On the other hand, the need of the State to prescribe government office hours
as well as to enforce them uniformly to all civil servants, Christians and Muslims alike,
cannot be disregarded. Underlying Section 5,[8] Rule XVII of the Omnibus Rules
Implementing Book V of E.O. No. 292 is the interest of the general public to be
assured of continuous government service during office hours every Monday through
Friday. The said rule enjoins all civil servants, of whatever religious denomination, to
render public service of no less than eight hours a day or forty (40) hours a week.

To allow the Muslim employees in the Judiciary to be excused from work from
10:00 a.m. to 2:00 p.m. every Friday (Muslim Prayer Day) during the entire calendar
year would mean a diminution of the prescribed government working hours. For then,
they would be rendering service twelve (12) hours less than that required by the civil
service rules for each month. Further, this would encourage other religious
denominations to request for similar treatment.

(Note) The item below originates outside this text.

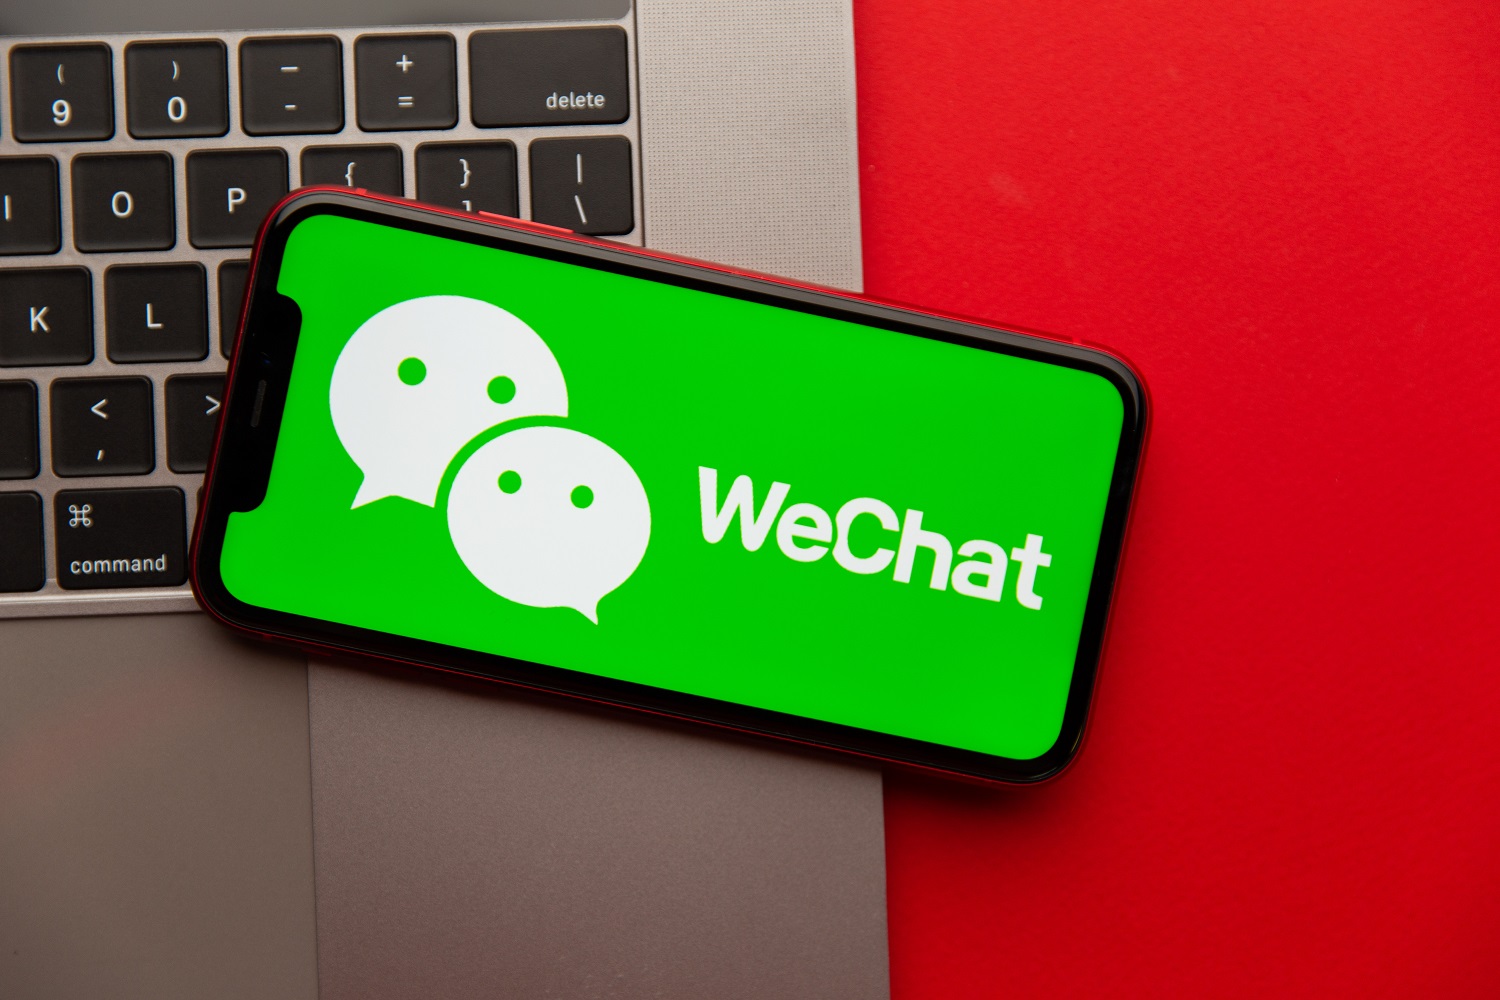 The WeChat mobile app running on the screen of a smartphone with a laptop keyboard in the background.

The performance of religious practices, whether by the Muslim employees or


those belonging to other religious denominations, should not prejudice the courts and
the public. Indeed, the exercise of religious freedom does not exempt anyone from
compliance with reasonable requirements of the law, including civil service laws.

In fine, the remedy of the Muslim employees, with respect to their request to be
excused from work from 10:00 a.m. to 2:00 p.m. every Friday during the entire
calendar year, is legislative, which is to ask Congress to enact a legislation expressly
exempting them from compliance with the prescribed government working hours.